What the task asks: Using the data that follows, return exactly the lines from the one that contains "Pentax smc FA" through the one that contains "Картинка Кухонные весы", ends included.

┏━━

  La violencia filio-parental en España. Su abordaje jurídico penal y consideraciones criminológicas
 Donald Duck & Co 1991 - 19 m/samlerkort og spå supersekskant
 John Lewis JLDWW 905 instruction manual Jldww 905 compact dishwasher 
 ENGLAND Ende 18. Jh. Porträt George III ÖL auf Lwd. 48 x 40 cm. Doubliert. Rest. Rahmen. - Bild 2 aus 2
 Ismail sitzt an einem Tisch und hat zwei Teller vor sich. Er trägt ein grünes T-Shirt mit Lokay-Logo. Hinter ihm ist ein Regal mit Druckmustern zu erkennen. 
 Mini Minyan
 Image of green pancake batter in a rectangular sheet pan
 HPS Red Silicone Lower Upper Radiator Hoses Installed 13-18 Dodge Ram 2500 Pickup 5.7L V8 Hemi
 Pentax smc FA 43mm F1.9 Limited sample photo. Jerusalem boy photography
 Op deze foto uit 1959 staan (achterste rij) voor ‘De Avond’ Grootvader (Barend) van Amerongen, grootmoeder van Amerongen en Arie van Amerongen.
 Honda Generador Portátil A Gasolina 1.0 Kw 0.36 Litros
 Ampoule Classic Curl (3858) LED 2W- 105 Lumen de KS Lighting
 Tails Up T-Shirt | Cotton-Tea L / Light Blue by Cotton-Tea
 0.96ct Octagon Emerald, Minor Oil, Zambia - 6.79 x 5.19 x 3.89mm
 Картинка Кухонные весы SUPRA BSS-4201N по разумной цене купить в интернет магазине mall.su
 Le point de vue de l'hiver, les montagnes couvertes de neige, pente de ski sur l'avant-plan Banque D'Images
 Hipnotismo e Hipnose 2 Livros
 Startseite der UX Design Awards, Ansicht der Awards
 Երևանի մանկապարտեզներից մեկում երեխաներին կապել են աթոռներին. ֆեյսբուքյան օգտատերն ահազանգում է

┗━━

Solution:
 Pentax smc FA 43mm F1.9 Limited sample photo. Jerusalem boy photography
 Op deze foto uit 1959 staan (achterste rij) voor ‘De Avond’ Grootvader (Barend) van Amerongen, grootmoeder van Amerongen en Arie van Amerongen.
 Honda Generador Portátil A Gasolina 1.0 Kw 0.36 Litros
 Ampoule Classic Curl (3858) LED 2W- 105 Lumen de KS Lighting
 Tails Up T-Shirt | Cotton-Tea L / Light Blue by Cotton-Tea
 0.96ct Octagon Emerald, Minor Oil, Zambia - 6.79 x 5.19 x 3.89mm
 Картинка Кухонные весы SUPRA BSS-4201N по разумной цене купить в интернет магазине mall.su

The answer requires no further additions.